Natuurlijk geldt dat lang niet voor alle linkse partijen. Zowel Scandinavische als Oost-Europese linkse partijen hebben naar de Oekraïners geluisterd en wapenleveranties aan Oekraïne gesteund. Onder Amerikaanse socialisten is enige vooruitgang te bespeuren. Maar helaas heeft zelfs een gezamenlijke verklaring van Oekraïense en Russische socialisten niet genoeg mensen overtuigd om militaire hulp te steunen. Laat me nog eens proberen links aan te spreken.
Een rechtvaardige oorlog?
Laten we beginnen met het beantwoorden van een veelgestelde vraag: ‘Waarom krijgt Oekraïne zoveel aandacht en zoveel hulp, terwijl andere gewapende conflicten in de wereld dat niet krijgen?’ Ten eerste, zijn de mogelijke gevolgen van de oorlog niet reden genoeg om er meer aandacht aan te besteden? Wanneer was de laatste keer dat de wereld zo dicht bij de dreiging van een kernoorlog kwam? Ten tweede ben ik het ermee eens dat andere conflicten onvoldoende aandacht krijgen. Zoals ik al eerder heb geschreven, is het feit dat Europa de Oekraïense vluchtelingen zo veel beter heeft behandeld dan hun Syrische en Afghaanse tegenhangers, te wijten aan racisme. Dit is een goed moment om kritiek te leveren op het migratiebeleid en erop te wijzen dat de hulp aan Oekraïense vluchtelingen aan alle vluchtelingen moet worden verleend.
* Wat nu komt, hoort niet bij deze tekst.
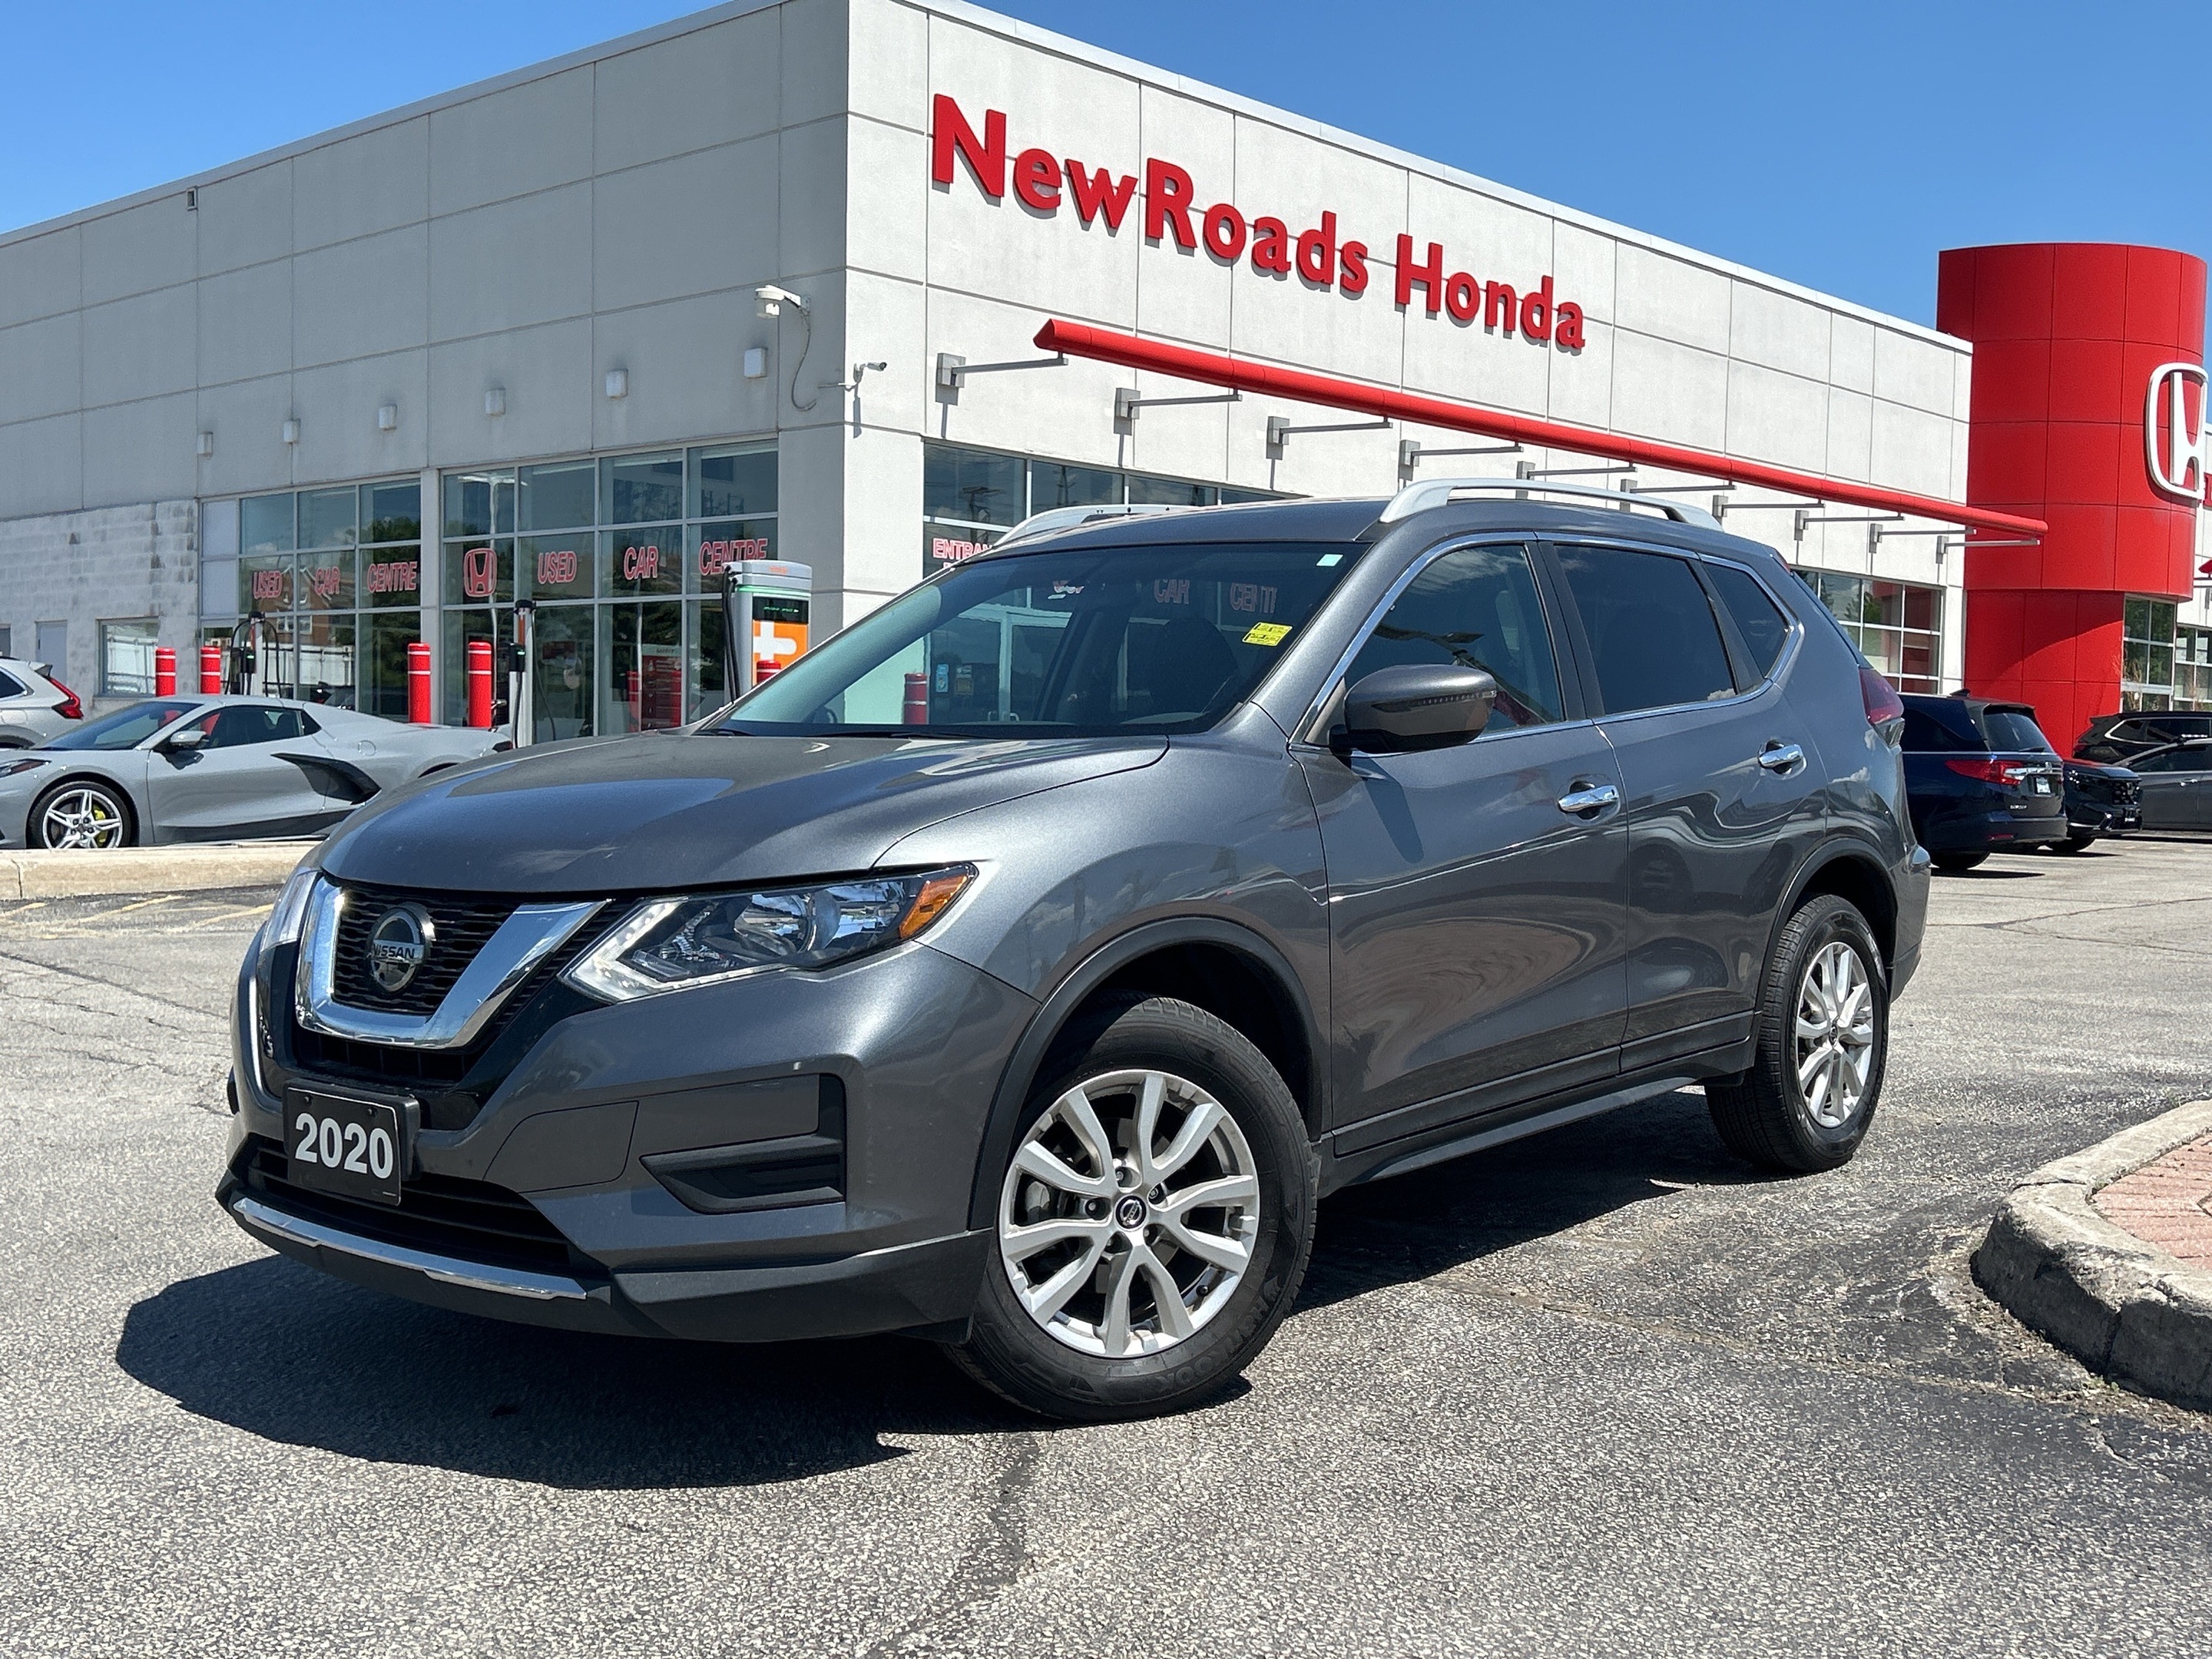 2020 Nissan Rogue Low Kms, One Owner, Great Shape
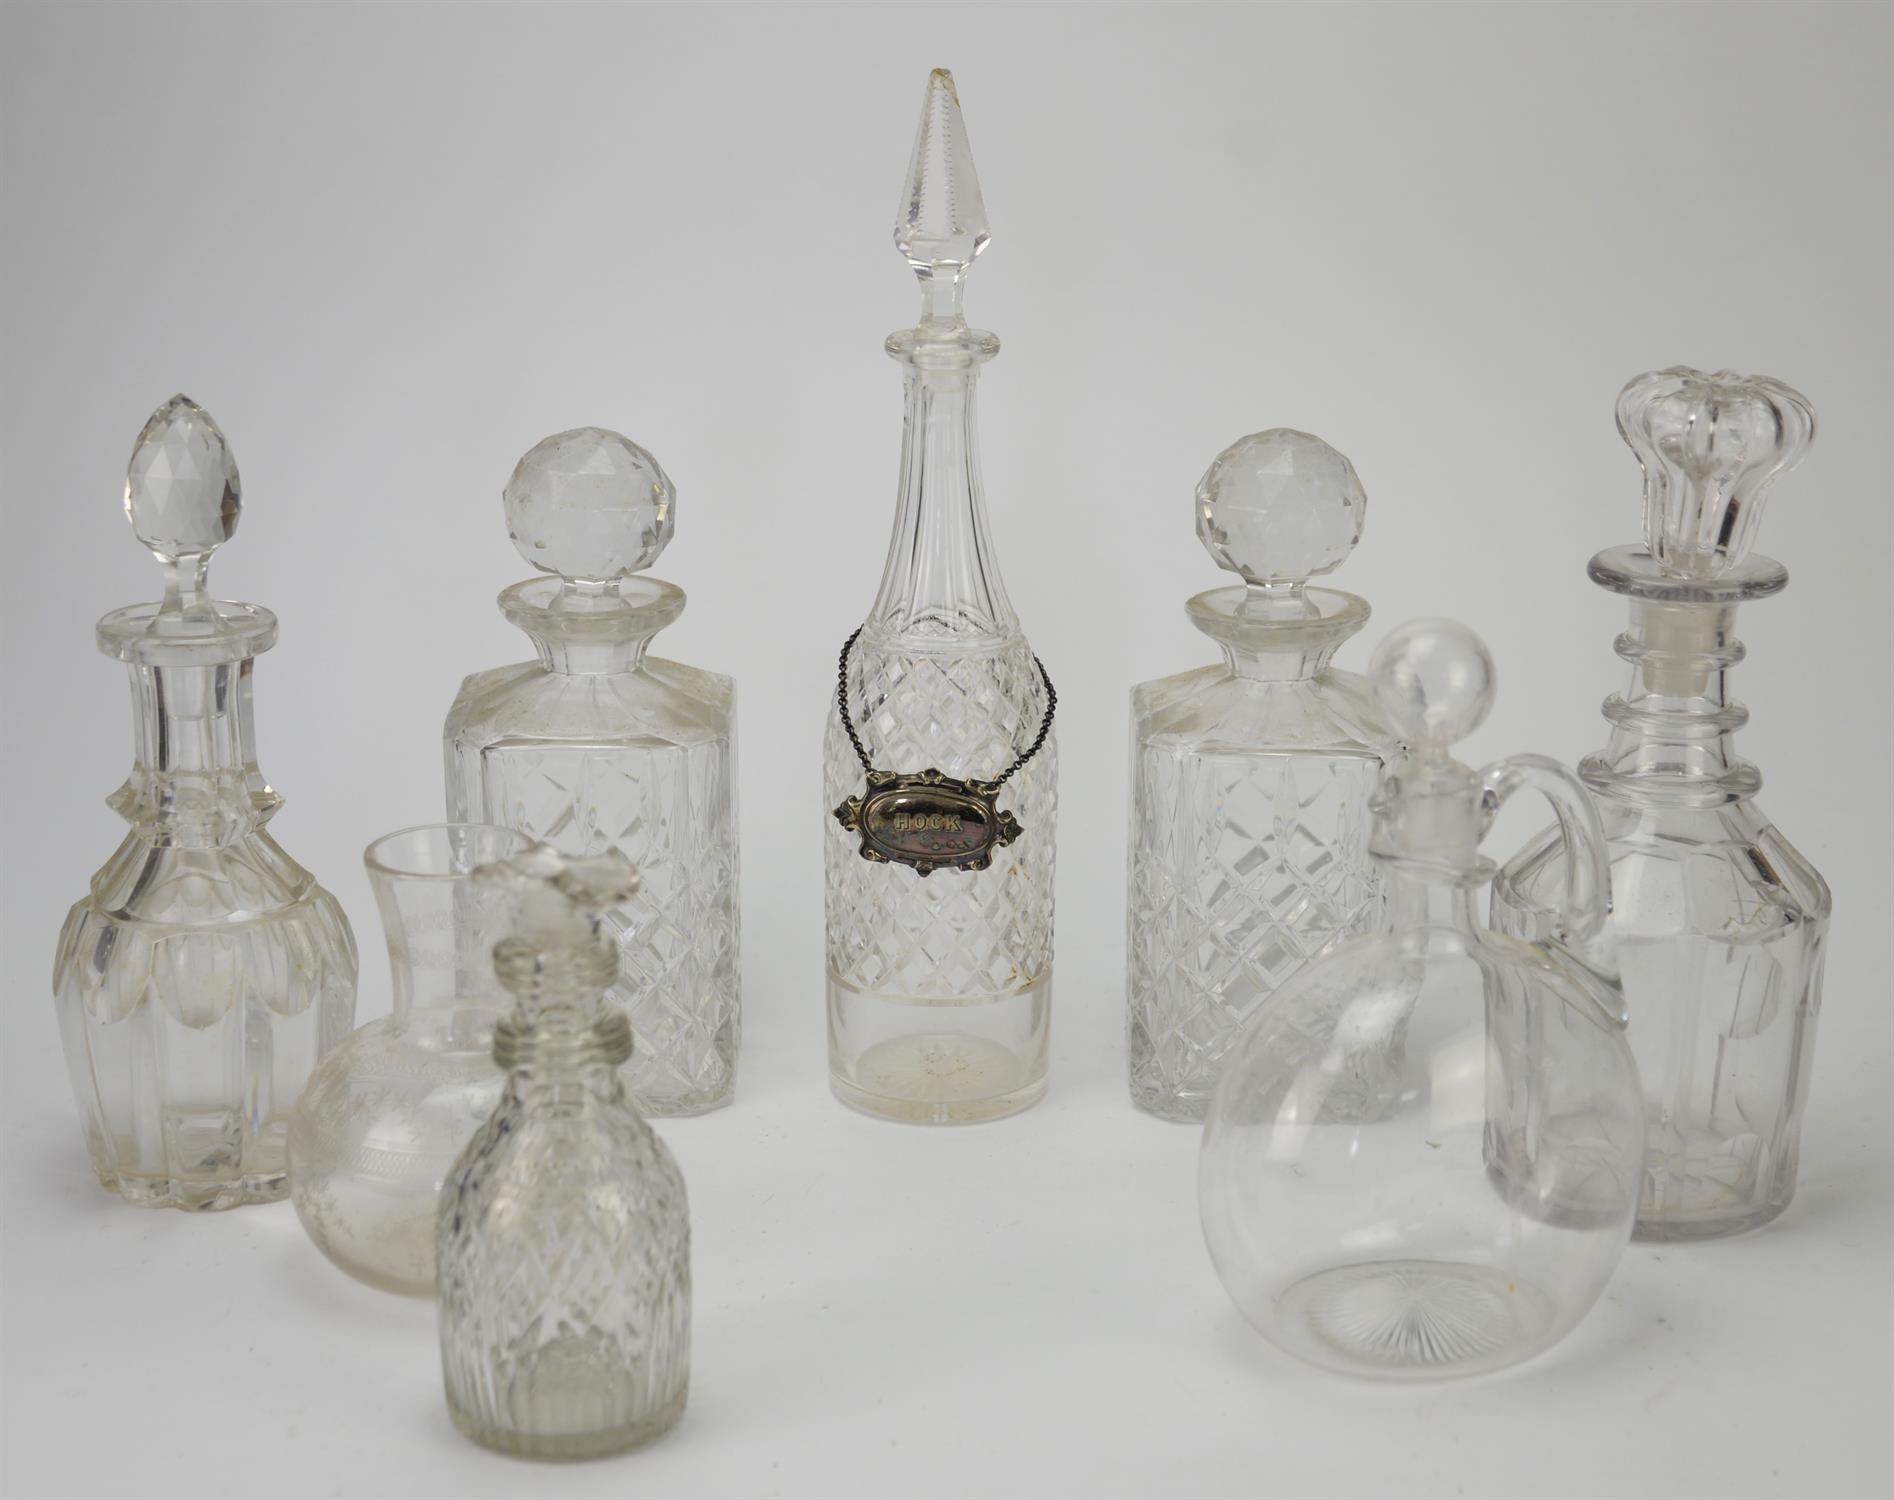 Quantity of drink decanters in differing designs.

Ik herinner me een ander gewapend conflict waar delen van links hun ‘good guys’ (en meiden) hadden en hen buitenproportionele aandacht gaven in vergelijking met andere gewapende conflicten: Rojava. Oekraïne is Rojava niet en we kunnen veel klachten opnoemen over Zelensky’s binnen- en buitenlands beleid. Oekraïne is niet eens een klassieke liberale democratie – hier probeert elke nieuwe president zoveel mogelijk macht te vergaren via informele mechanismen, het parlement neemt ongrondwettelijke wetten aan en de rechten en vrijheden van burgers worden vaak geschonden. Zelfs tijdens de oorlog nam de Oekraïense regering een wet aan die de arbeidsrechten beknotte. In dit opzicht verschilt het land niet veel van de rest van Oost-Europa.
Betekent dit dat de Oekraïners de strijd moeten opgeven? Voor mij ligt het antwoord voor de hand: ik besloot aan het begin van de oorlog bij de Territoriale Strijdkrachten te gaan. Maar ik ben lang niet de enige. Anarchisten uit Oekraïne, Wit-Rusland en zelfs een paar uit Rusland vechten momenteel in de Territoriale Verdediging of helpen mee. Ze hebben een hekel aan Zelenski en de staat zelf, ze zijn tijdens protesten herhaaldelijk door de politie aangehouden (net als ik) en sommige buitenlandse anarchisten hebben te maken gehad met pogingen tot deportatie door speciale diensten. Maar toch, we zijn ten oorlog getrokken. Je denkt misschien dat dit geen ‘echte’ anarchisten zijn, of je denkt misschien dat wij iets over Oost-Europa weten dat jij niet begrijpt.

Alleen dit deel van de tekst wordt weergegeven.